In case it can be helpful to others, I am sharing some feedback regarding trials and errors while trying to get audio stimuli synchronised with triggers on Windows (and using the PTB back-end).
In short: even when following the documentation’s recommendation on timing (e.g., presenting stimuli for a number of frames, presenting before logging etc), we had a 10-12ms delay between trigger and stimulus onset and a jitter of ~15-20ms amplitude.
What worked in the end was to change the “wait_for_start” argument in the audio.py script (from 0 to 1) directly in the psychtoolbox code (within the psychopy folder). In this way the code “waits” for the actual start of the audio stimulus before going to the next line.

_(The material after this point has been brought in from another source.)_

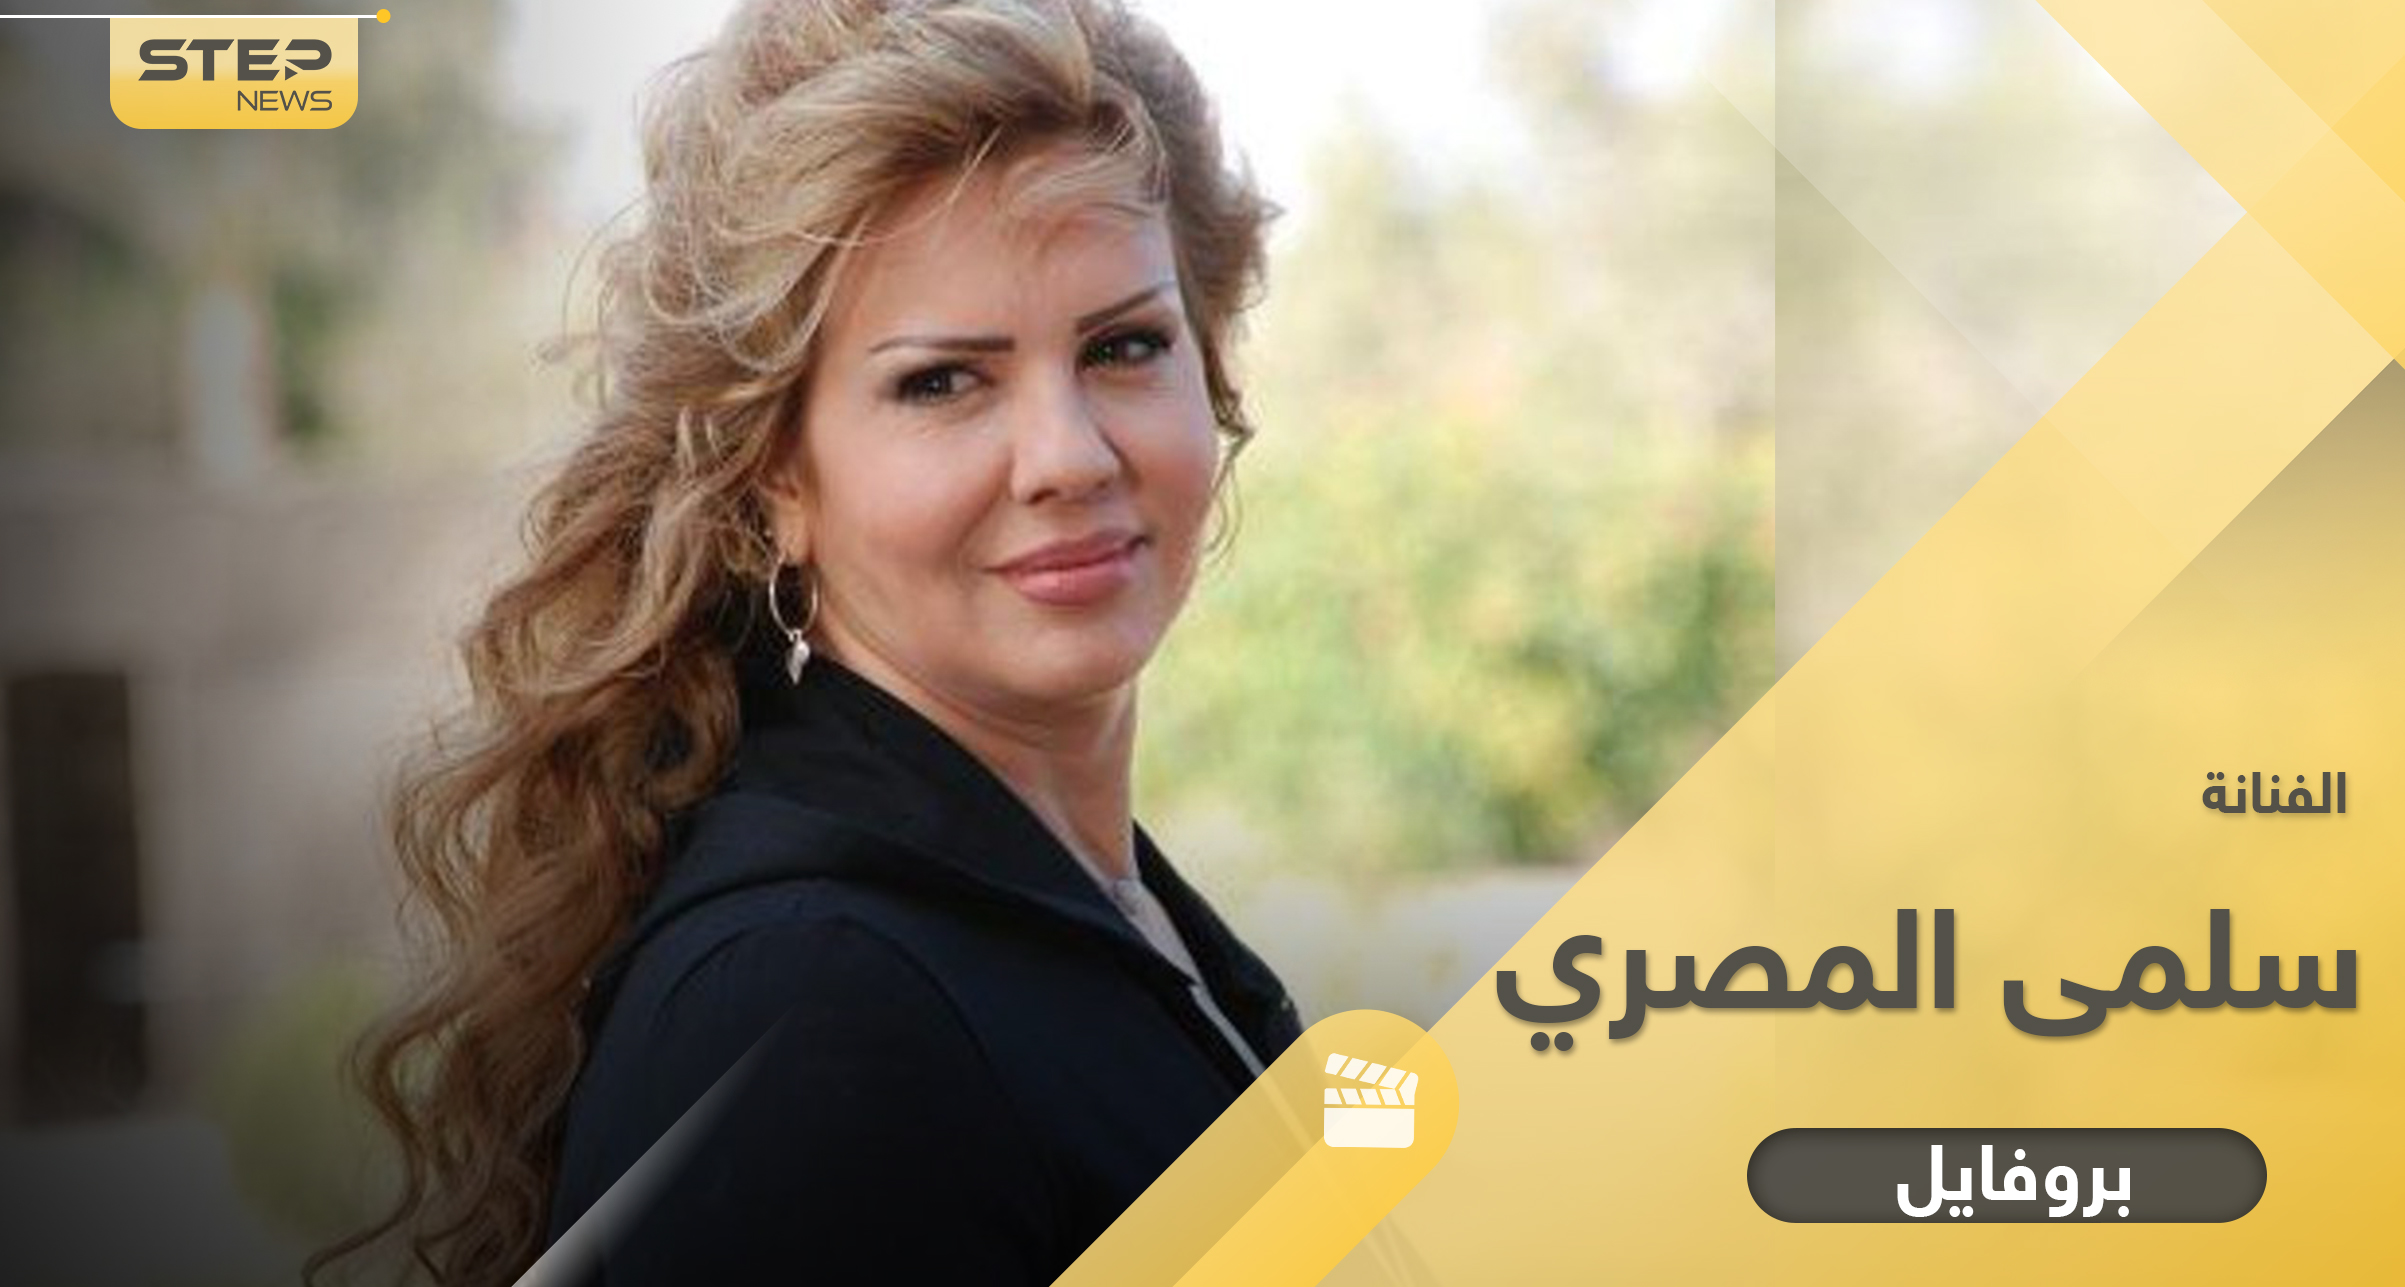 سلمى المصري "حبلاسة الشام" تزوجت من إعلامي سوري شهير لشهرين فقط وانطلقت على يد دريد لحام
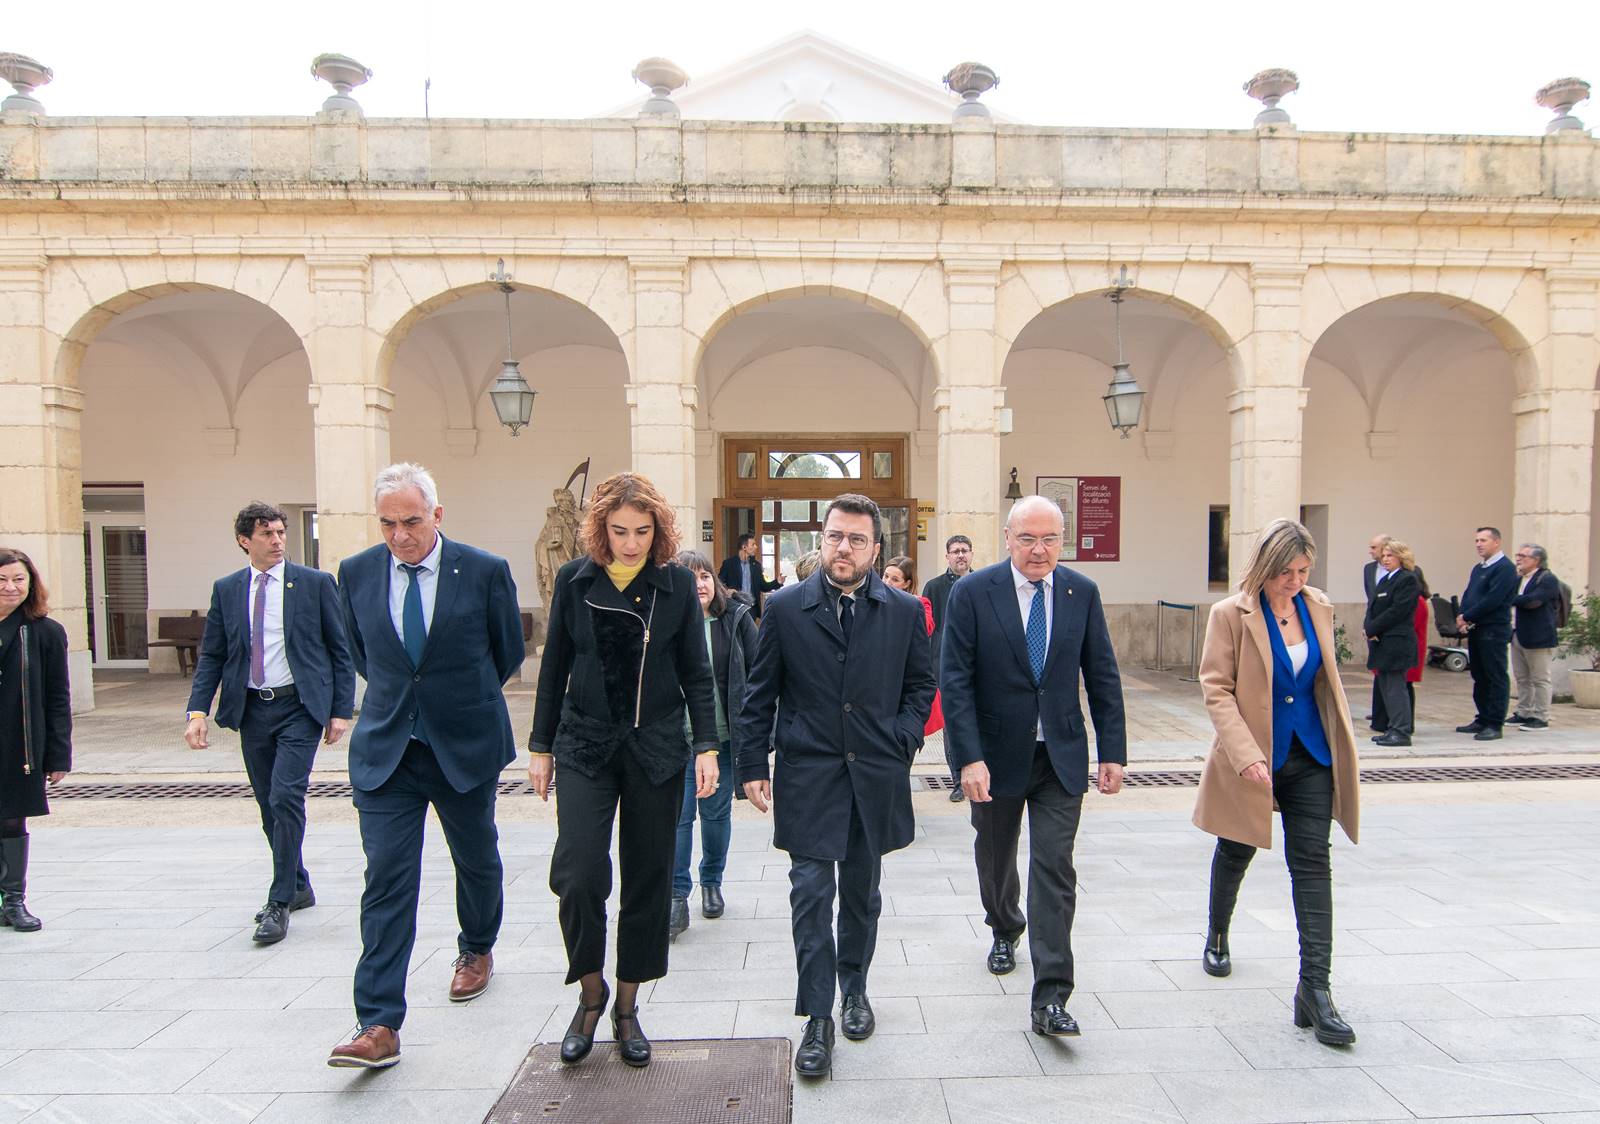 el president Aragonès, juntament amb la consellera de Justícia, Drets i Memòria, Gemma Ubasart i l'alcalde de Reus, Carles Pellicer, ha visitat les tasques d’exhumació del cos del militant antifranquista Cipriano Martos

It would probably be useful to allow users to set the value of the “wait_for_start” argument in the play() method of the PTB backend in psychopy?
Thanks for your reply! I know that an exact replication is not possible on different machinery, however, I currently face the issue that my sound onsets jitter a lot (-20ms to +30ms lag, relative to a parallel port eeg marker). Other lab member achieve 19ms lag with basically no jitter in NBS Presentation. I am pretty much stuck, having tried all combinations of settings (similar to Inability to have precise timing for auditory stimuli), even in barebone experiments with only and audio stimulus and the marker. Do you have an idea? Best,
Tim
I am sorry but I don‘t have an idea how to achieve a better timing on your machine with PsychoPy. I guess I would switch to Presentation given that it is installed on your machine. I remember that I took me some experimentation and a new sound card to get proper timing with a sound card on our PC running Presentation.
The tables in the article show that Presentation does a pretty good job presenting sound, better that PsychoPy on Win10 machine. What you could try is to install a dual-system on our lab-PC, install Ubuntu and run the experiment from there.